For QTL mapping on CAR, the original variable was used, and for QTL mapping on SP, the average performance deviations (APD) were obtained by averaging individual random residuals (\(\mathbf{e}\)) and summing-up the genetic and non genetic animal effects (\(\mathbf{p}+\mathbf{g}\)).

Linkage disequilibrium and linkage analysis and quantitative trait loci variance

A genome scan to detect genomic regions that are associated with resistance to MAP was carried out on 43,390 50 K SNP positions by using the method proposed by Usai et al. [59]⁠. This method uses principal components (PC) to summarize identity-by-descent probabilities (IBD) between gametes of genotyped individuals. Therefore, the paternal and maternal transmitted gametes (named gametes hereafter) of the genotyped individuals were first reconstructed by the linkage disequilibrium multilocus iterative peeling method [73]⁠ using genotype and pedigree information. Then, at each 50 K SNP position \({\text{l}}\), a matrix (\({\mathbf{Q}}_{\mathbf{l}}\)) allocating IBD probabilities between gametes of phenotyped individuals was built by combining linkage disequilibrium and linkage analyses (LDLA). The IBD between segments of Lacaune origin (inherited from F1 sires) and segments of Sarda origin was set to 0. Moreover, a genome-wide IBD matrix (\({\mathbf{Q}}_{\mathbf{g}}\)) was calculated by averaging all the \({\mathbf{Q}}_{\mathbf{l}}\) to account for the polygenic effects. At this stage, Usai et al. [59]⁠ proposed the use of principal component analysis to summarize the information of \({\mathbf{Q}}_{\mathbf{l}}\) and \({\mathbf{Q}}_{\mathbf{g}}\) to overcome the nonpositive definiteness of \({\mathbf{Q}}_{\mathbf{l}}\) and to limit the computational needs in handling both IBD matrices. The final model does not include random effects other than the residuals and is solved by a weighted least squares method.

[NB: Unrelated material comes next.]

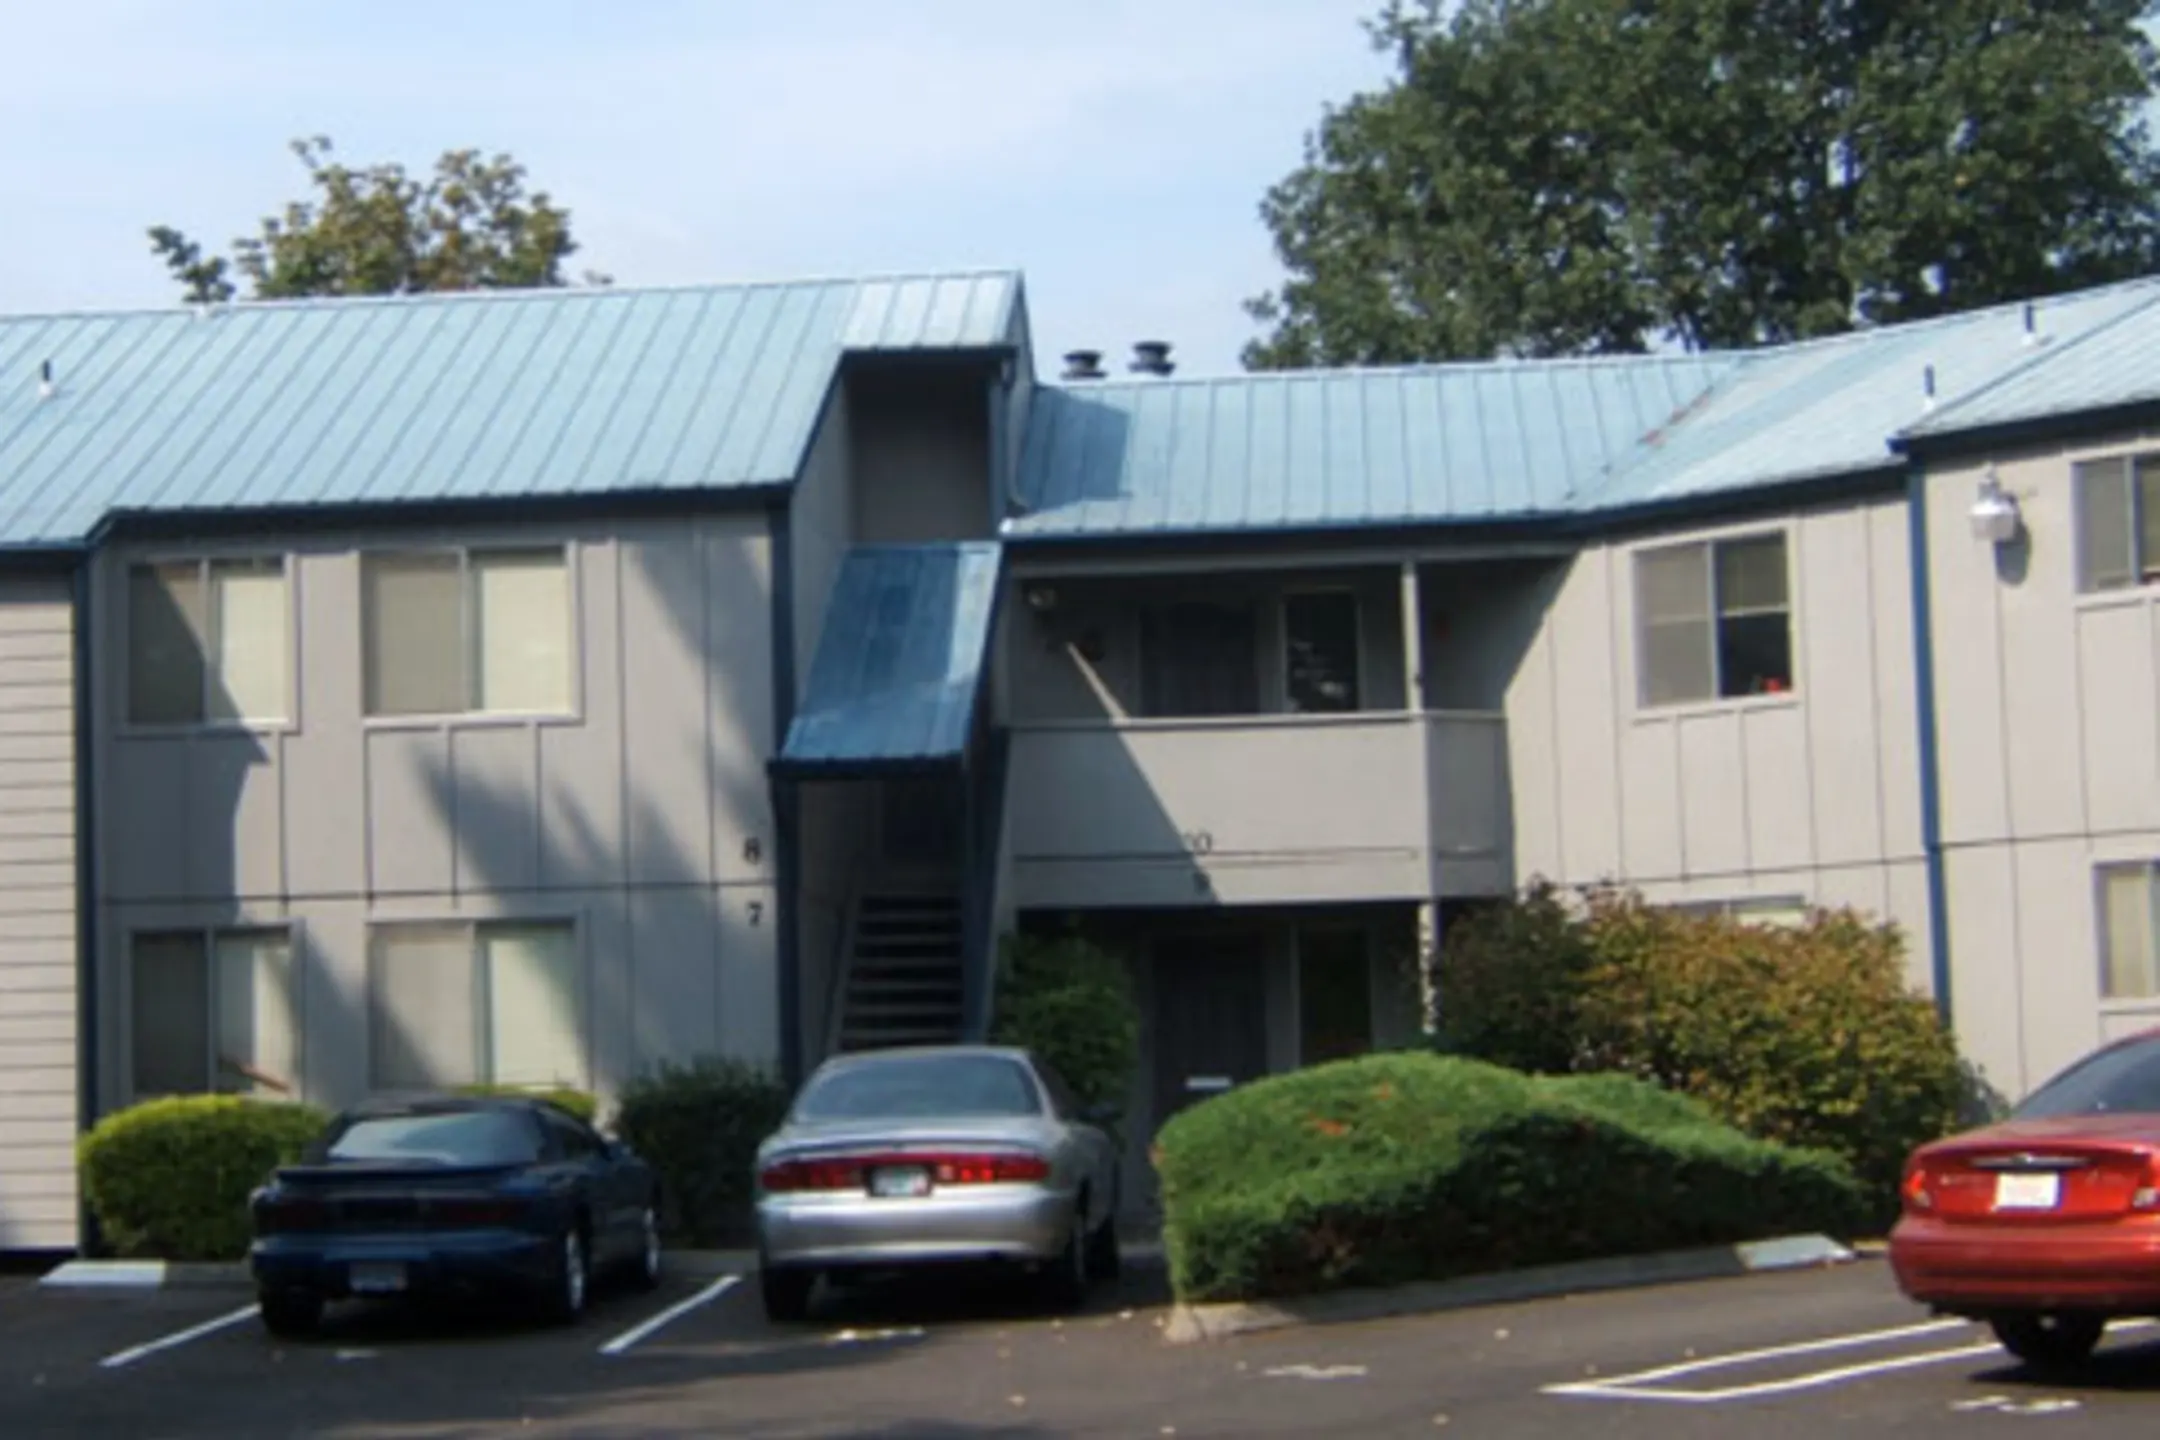 Building - Riverview - Milwaukie, OR
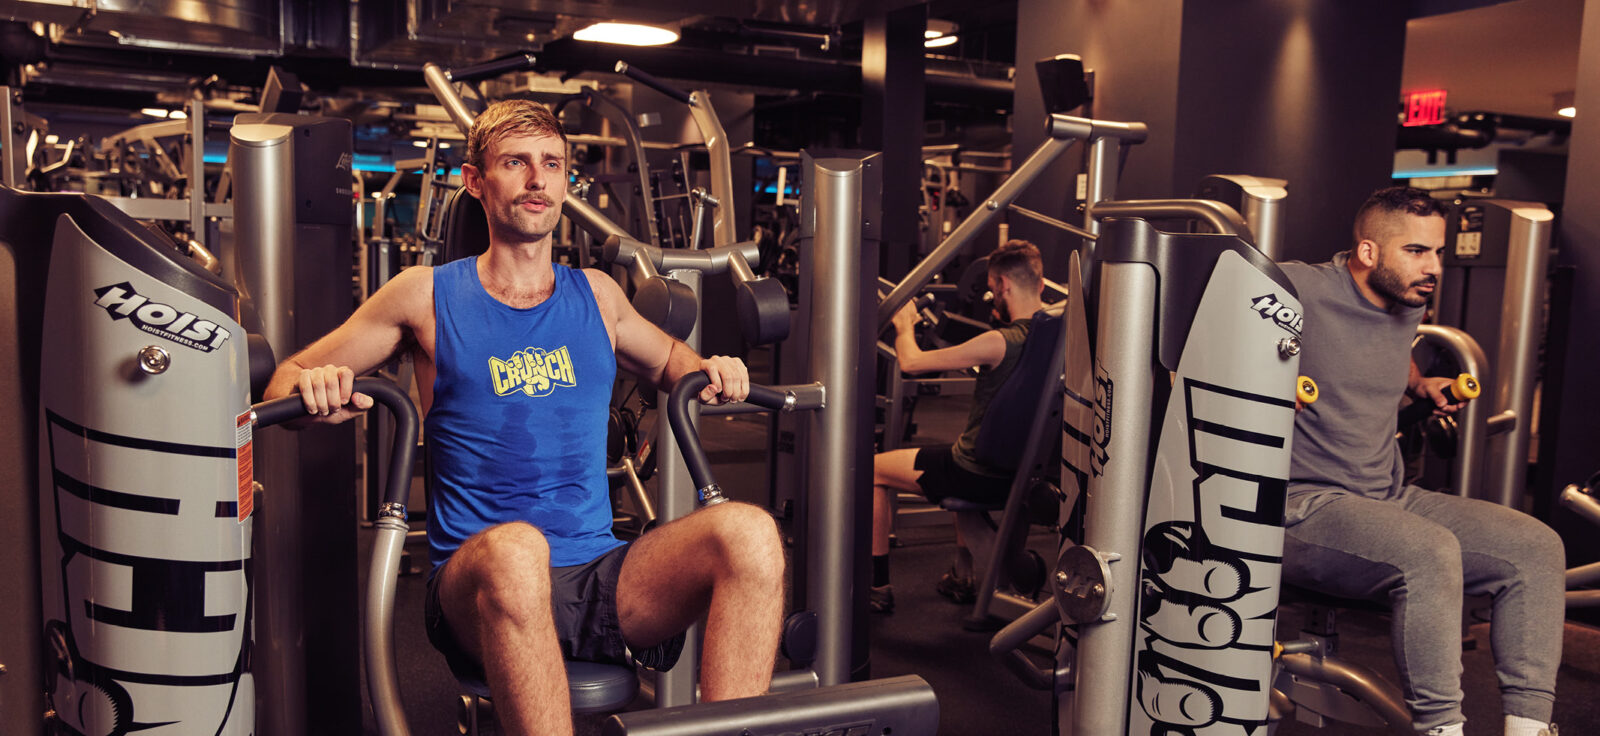 The 4 Best Luxury Fitness Clubs and Premium Gym Memberships for

At each SNP position \({\text{l}}\), the model was as follows:

$${\mathbf{y}}={\mathbf{1}}\upmu +{\mathbf{Z}}^{\mathbf{q}}{\mathbf{V}}_{\mathbf{l}}^{\mathbf{S}}{{\varvec{\upbeta}}}_{\mathbf{l}}^{\mathbf{S}}+{\mathbf{Z}}^{\mathbf{q}}{\mathbf{V}}_{\mathbf{l}}^{\mathbf{L}}{{\varvec{\upbeta}}}_{\mathbf{l}}^{\mathbf{L}}+{\mathbf{Z}}^{\mathbf{q}}{\mathbf{V}}_{\mathbf{g}}{{\varvec{\upalpha}}}_{\mathbf{l}}+{{\varvec{\upvarepsilon}}}_{\mathbf{l}},$$
(4)

where \(\mathbf{y}\) is the vector of phenotypes (APD of SP or CAR); \(\upmu\) is the overall mean; \({\mathbf{V}}_{\mathbf{l}}^{\mathbf{S}}\) and \({\mathbf{V}}_{\mathbf{l}}^{\mathbf{L}}\) are the matrices including the scores of PC extracted from \({\mathbf{Q}}_{\mathbf{l}}\) that explain more than 99% of the variation of IBD probabilities within Sarda and Lacaune, respectively, and \({{\varvec{\upbeta}}}_{\mathbf{l}}^{\mathbf{S}}\) and \({{\varvec{\upbeta}}}_{\mathbf{l}}^{\mathbf{L}}\) are the vectors of the corresponding fixed effects; \({\mathbf{V}}_{\mathbf{g}}\) is the matrix including the scores of PC that explain more than 99% of the variation of the genome-wide IBD probability matrix \({\mathbf{Q}}_{\mathbf{g}}\) and \({{\varvec{\upalpha}}}_{\mathbf{l}}\) is the vector of the corresponding fixed effects estimated at locus \({\text{l}}\); \({\mathbf{Z}}^{\mathbf{q}}\) is an incidence matrix relating phenotypes with gametes and \({{\varvec{\upvarepsilon}}}_{\mathbf{l}}\) is the vector of residuals calculated at locus \({\text{l}}\), assuming that \({\bf{\varepsilon }}\sim {\text{~N}}\left( {\bf{0}{\text{,}}{{\bf{R}}^{ - 1}}{\bf{\sigma }}_{\bf{\varepsilon }}^2} \right)\) with \(\mathbf{R}\) being a diagonal matrix with phenotype weight as diagonal elements. For the variable CAR, weights were assumed to be 1 throughout, and thus \(\mathbf{R}\) is an identity matrix. For the variable SP, with analyzed phenotypes being APD, to take the different reliability of the individual APD resulting from the different number of ELISA tests per animal into account, the individual weight of the phenotype of the ewe \({\text{i}}\) (\({{\text{R}}}_{\text{ii}}\)) was calculated as \({{\text{R}}}_{{\text{ii}}}=1- \frac{{\upsigma }_{{\text{e}}}^{2}}{{{\text{n}}}_{{\text{i}}}^{{\text{T}}}\left({\upsigma }_{{\text{g}}}^{2}+{\upsigma }_{{\text{p}}}^{2}\right)}\), where \({{\text{n}}}_{{\text{i}}}^{{\text{T}}}\) is the number of ELISA tests carried out on ewe \({\text{i}}\); \({\upsigma }_{{\text{e}}}^{2}\), \({\upsigma }_{{\text{g}}}^{2}\) and \({\upsigma }_{{\text{p}}}^{2}\) are the estimated variances from the animal model in Eq. (3).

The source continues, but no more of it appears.